Однако сегодня я хочу возложить на вас гораздо более тонкое дело. Дорогой Абу-Нувас, вы знаете, сколько неприятностей мне всегда доставлял нрав моего августейшего супруга, да продлит Аллах его дни! Харун расточителен, а не щедр, пьяница, а не смакователь, развратник, а не влюбчив. Правда, половина его любовных связей – чистейшая выдумка; честно говоря, сдаётся мне, что здесь не обошлось без вас – некоторые сплетни явно носят следы вашего остроумия, а не державной похоти. Однако доверять сплетням я не люблю (чем и восстановила сплетников против себя); Харун же, да продлит Всевышний его чёрные дни, наслаждается своей дурною славой. Вам он наверняка тоже не раз говорил: «Абу-Нувас, как ни стремлюсь я к разнообразию и оригинальности, сколько ни хожу переодетым, кому ни одалживаю на час халифат – всё равно получается плоско и скучно. Давайте заранее придумаем побольше небылиц о себе, а то нас все забудут уже через сотню лет». Вы тогда подсказали ему то превосходную затею с Шахразадой; рада сообщить вам, что лучшие наши литераторы занялись «1001 ночью», не обойдя в ней своим вниманием и вас. Увы! Каково этим несчастным редактировать пошлые выдумки самого халифа, да не забудет его Тот, Кто не спит. Эту работу он поручил лично великому визирю Джаффару Бармакиду; что из этого вышло, вы скоро узнаете.

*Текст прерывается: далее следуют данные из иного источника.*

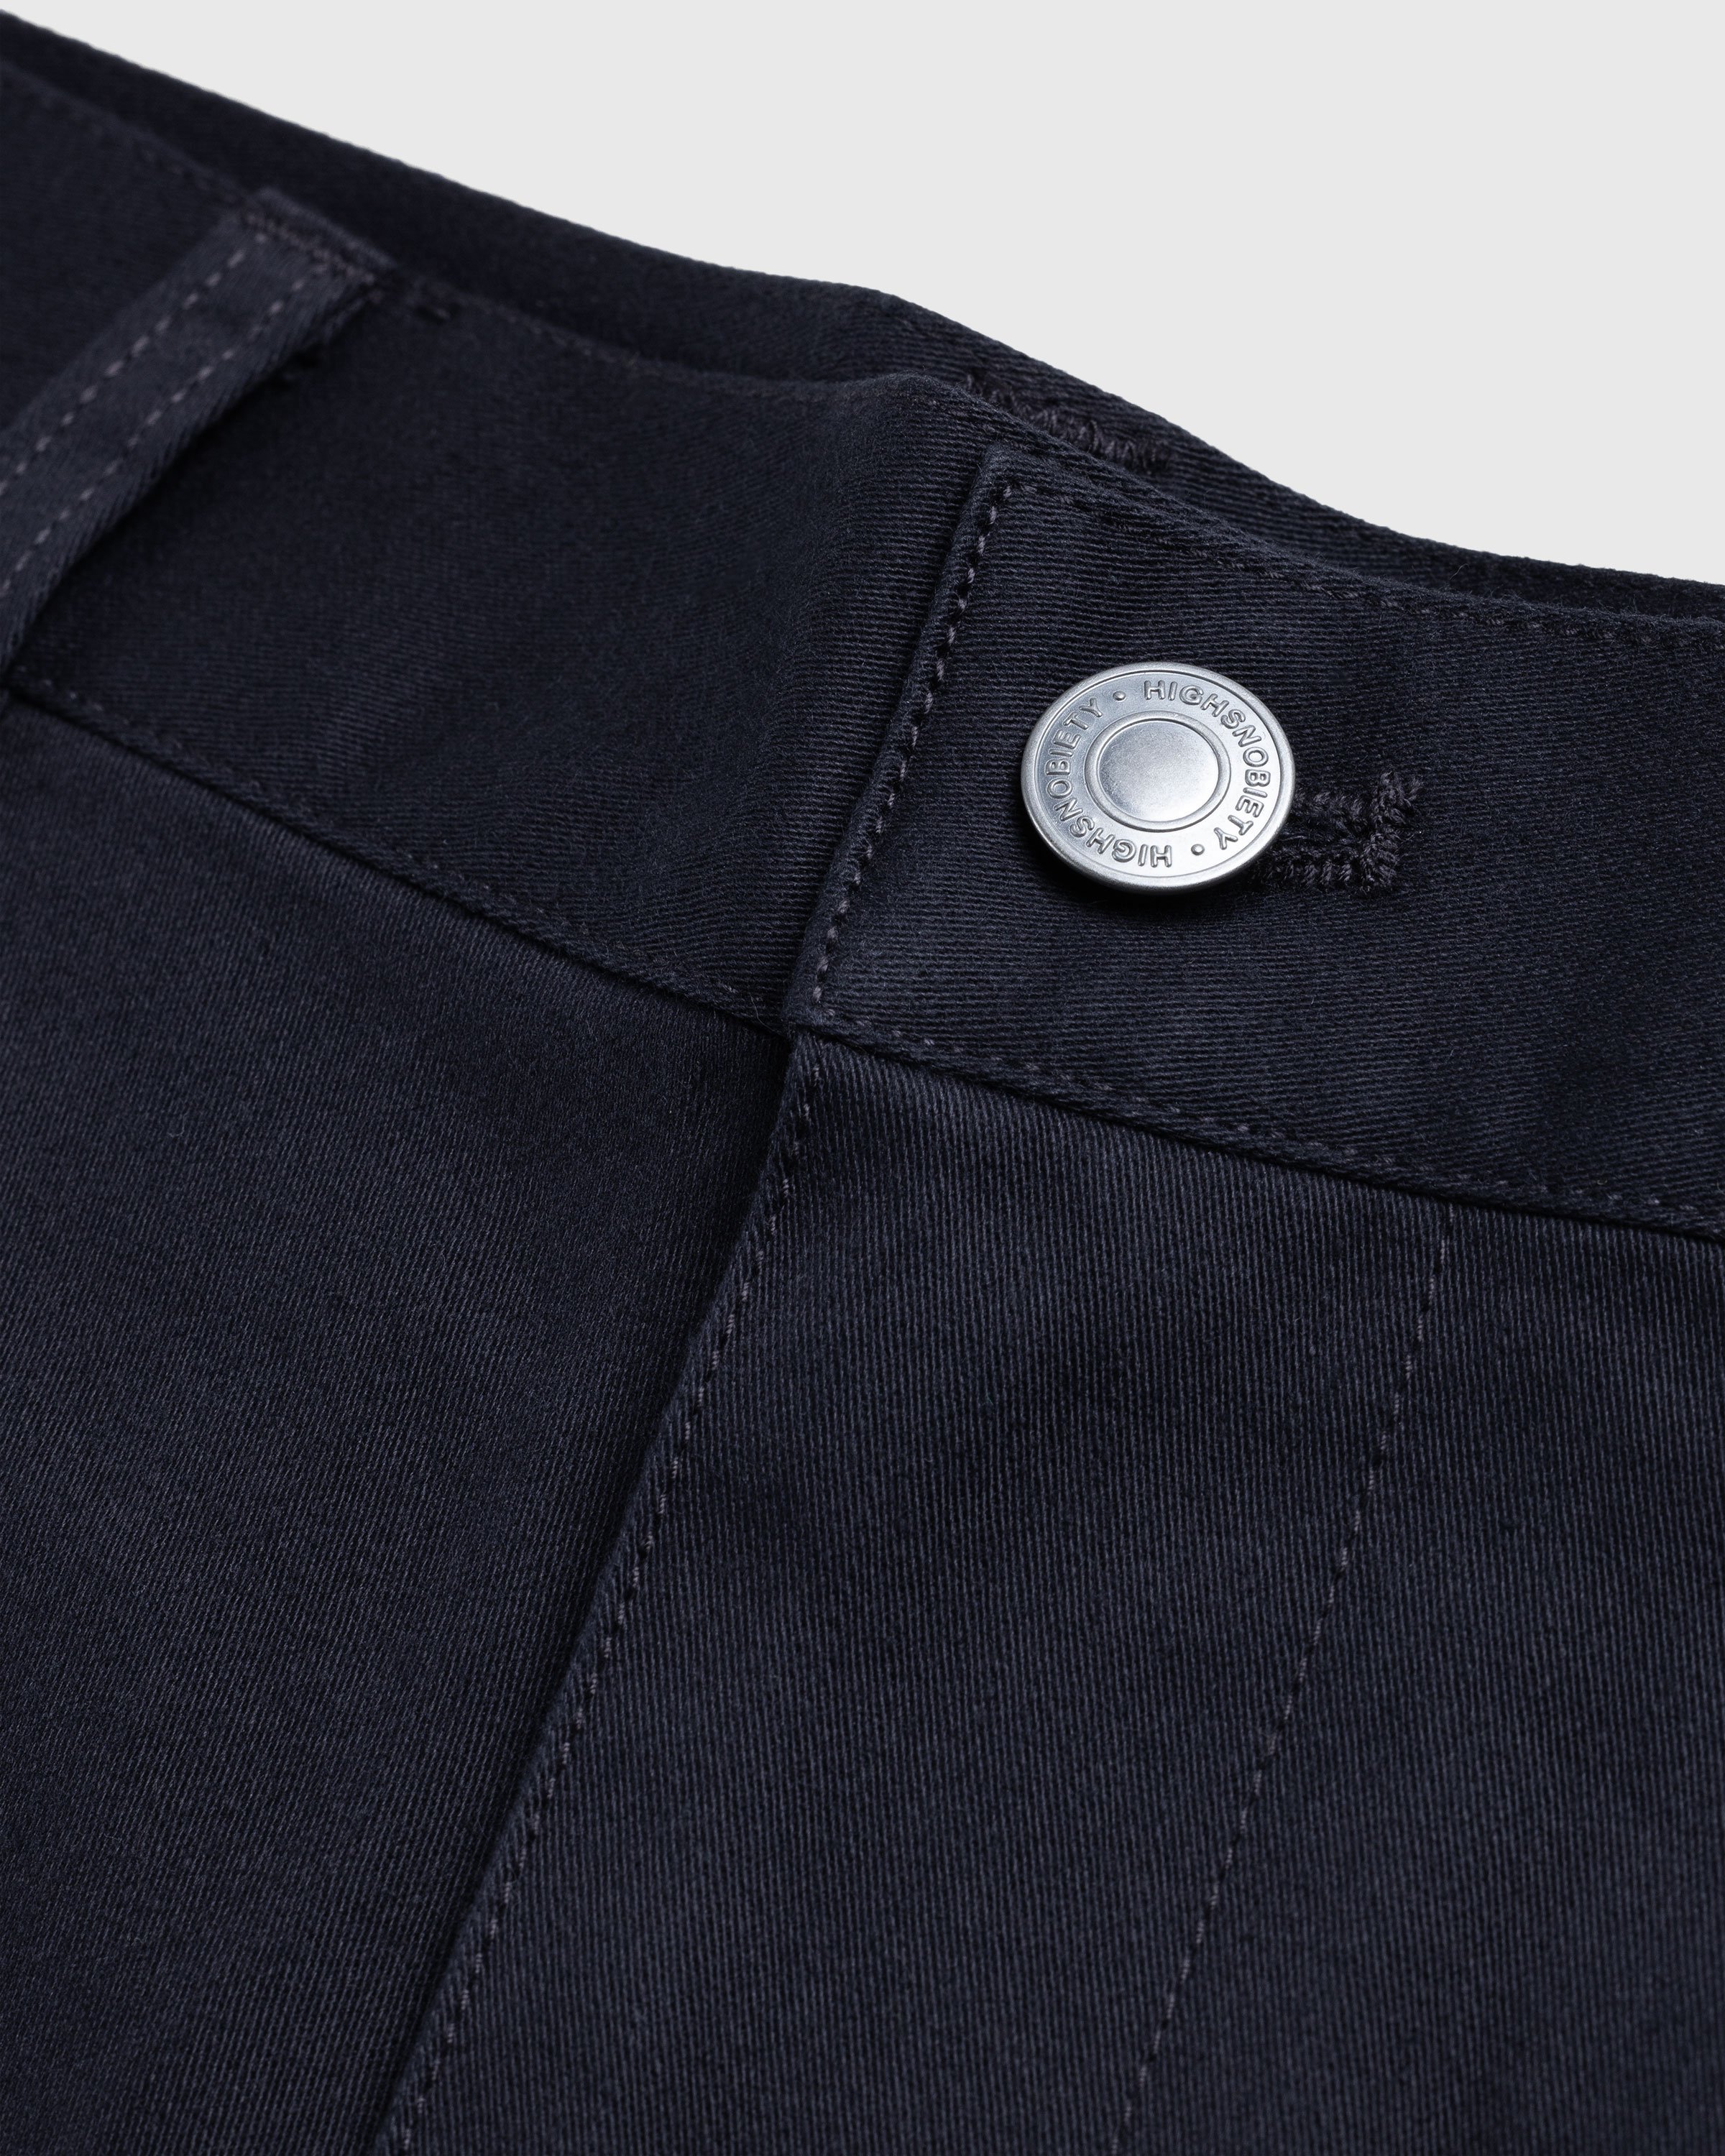 Highsnobiety HS05 - Reverse Twill Baggy Trouser Black - Clothing - Black - Image 6

Так вот, невзирая на увековечение своих похождений на бумаге, ещё более того Харун любит непечатные истории о себе; в наши дни, когда море свободы слова затопило твердыни приличия, от сплетни требуется очень многое, чтобы не быть пропущенной цензурою. Любимой историей этого сорта мой Драгоценный Оплот избрал выдумку о своей кровосмесительной связи с собственной сестрой, принцессой Аббасою. Не стану обременять верблюда вашего внимания мокнущей губкой этого сооружения, тем паче что тут уж ваш вклад в него очевиден. Багдад поболтал, поболтал, сконфузил бедную принцессу (а ведь Повелитель правоверных, да судит его Ведающий Истину, потребовал, чтобы она ему подыгрывала) – и привык. Харун страшно огорчился.

– Что мне делать, Зубайда? – спрашивал он капризно. – Я же сирота и не могу распространяться о своей связи с родной матерью!

– О Оплот благочиния и Столп целомудрия! – ответила я. – Вырой же труп её из могилы и всенародно лобызай его в час полуденной молитвы на самом высоком минарете Багдада!

Супруг мой, да благословит его Любящий Чистоту, опешил, а потом изверг на персидский ковёр сок греховной лозы, каковым он перед тем злоупотребил.

– Ну ладно, – выговорил он наконец, – я тебе покажу, как шутит шутки с Преемником и Наместником Посланца Господня, да святится имя его!

– Аминь, – заключила я, не ведая, какой плод зачала блудница его разума.

Через два дня Харун, да припомнит ему это Взвешивающий Пороки, всенародно объявил, что я своими ревнивыми преследованиями затравила несчастную Аббасу, и он торжественно выдаёт её за Джаффара. Все неприятности и всю хулу, которым я подверглась в те дни, смыл с меня поток мёда и шербета, излитый вами в свадебной песни. Более очаровательной игривости вы не достигали никогда! Все были рады и довольны, а халиф, да узрит его благость Хранитель Очагов, недвусмысленно и конфиденциально сообщил всем гостям по отдельности, что брак этот – фиктивный. Увы, попугай красноречия – родич голубя рассеянности: новобрачных он предупредить об этом забыл.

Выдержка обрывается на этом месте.